Start of Source data
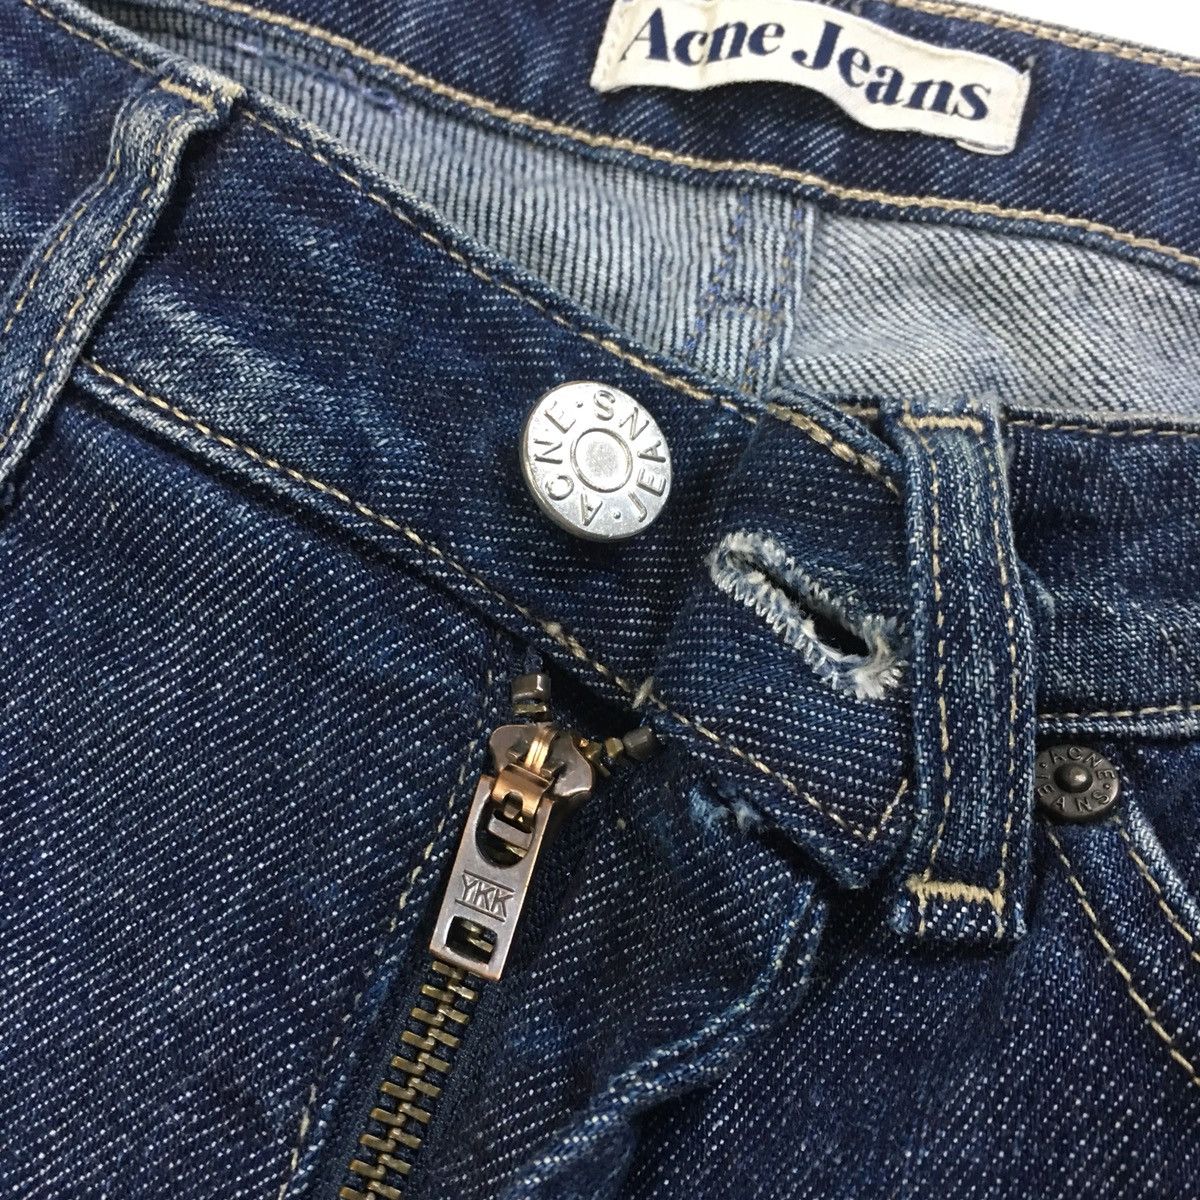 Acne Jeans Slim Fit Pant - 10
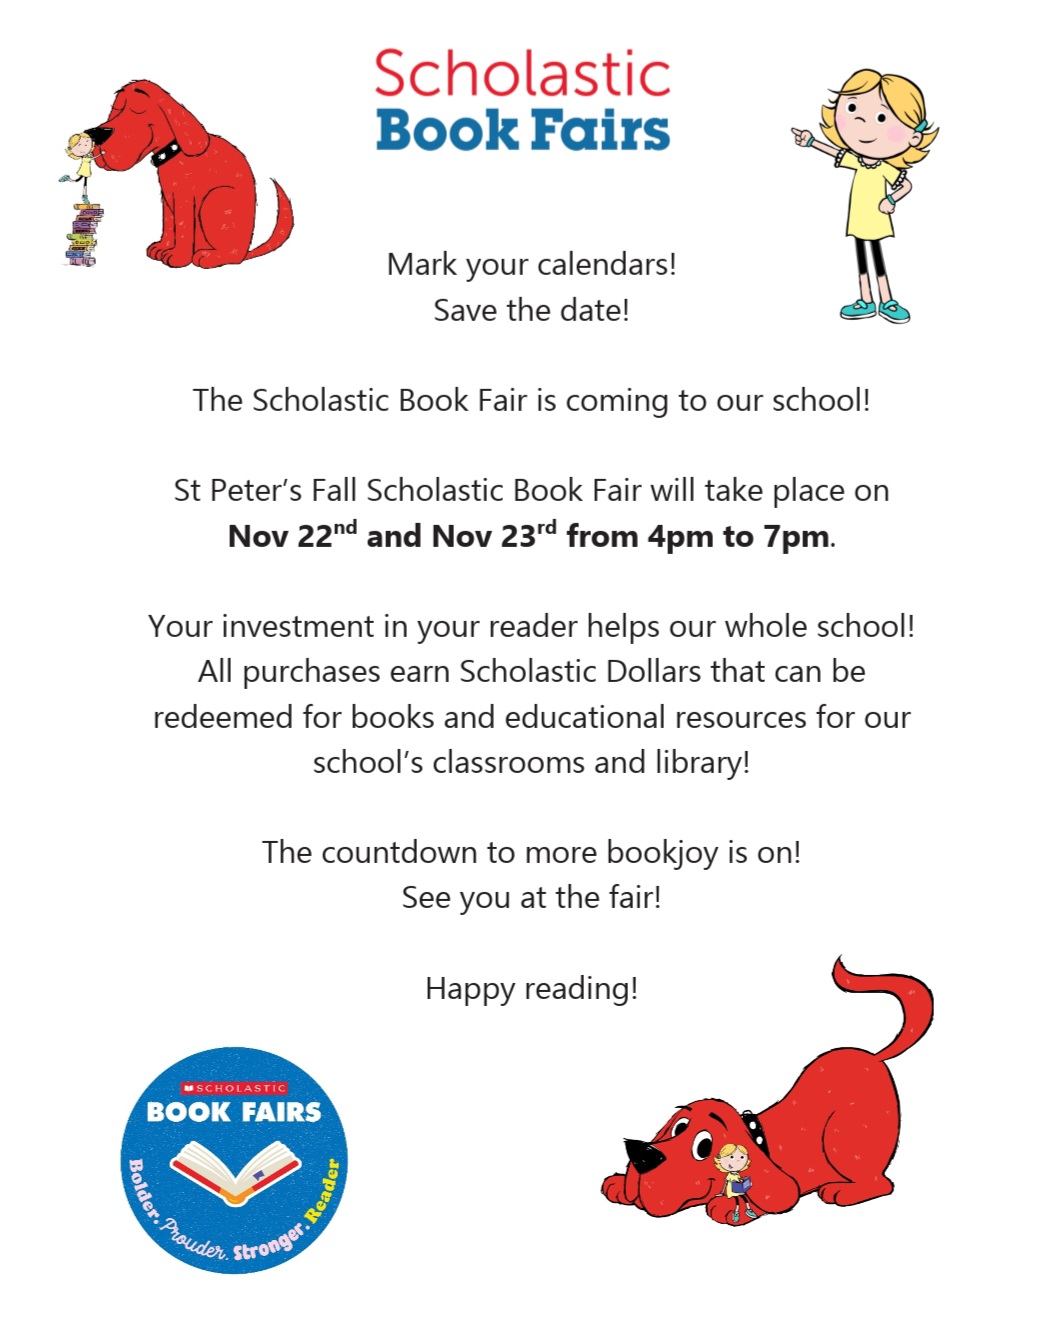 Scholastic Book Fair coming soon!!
End of Source data
Start of Source data
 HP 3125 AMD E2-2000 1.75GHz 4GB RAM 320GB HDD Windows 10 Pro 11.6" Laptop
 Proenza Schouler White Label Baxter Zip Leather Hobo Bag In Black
End of Source data
Activity
Only the lines above from the one with "HP 3125 AMD" through the one with "Proenza Schouler White" should be duplicated, character for character.

Task response
 HP 3125 AMD E2-2000 1.75GHz 4GB RAM 320GB HDD Windows 10 Pro 11.6" Laptop
 Proenza Schouler White Label Baxter Zip Leather Hobo Bag In Black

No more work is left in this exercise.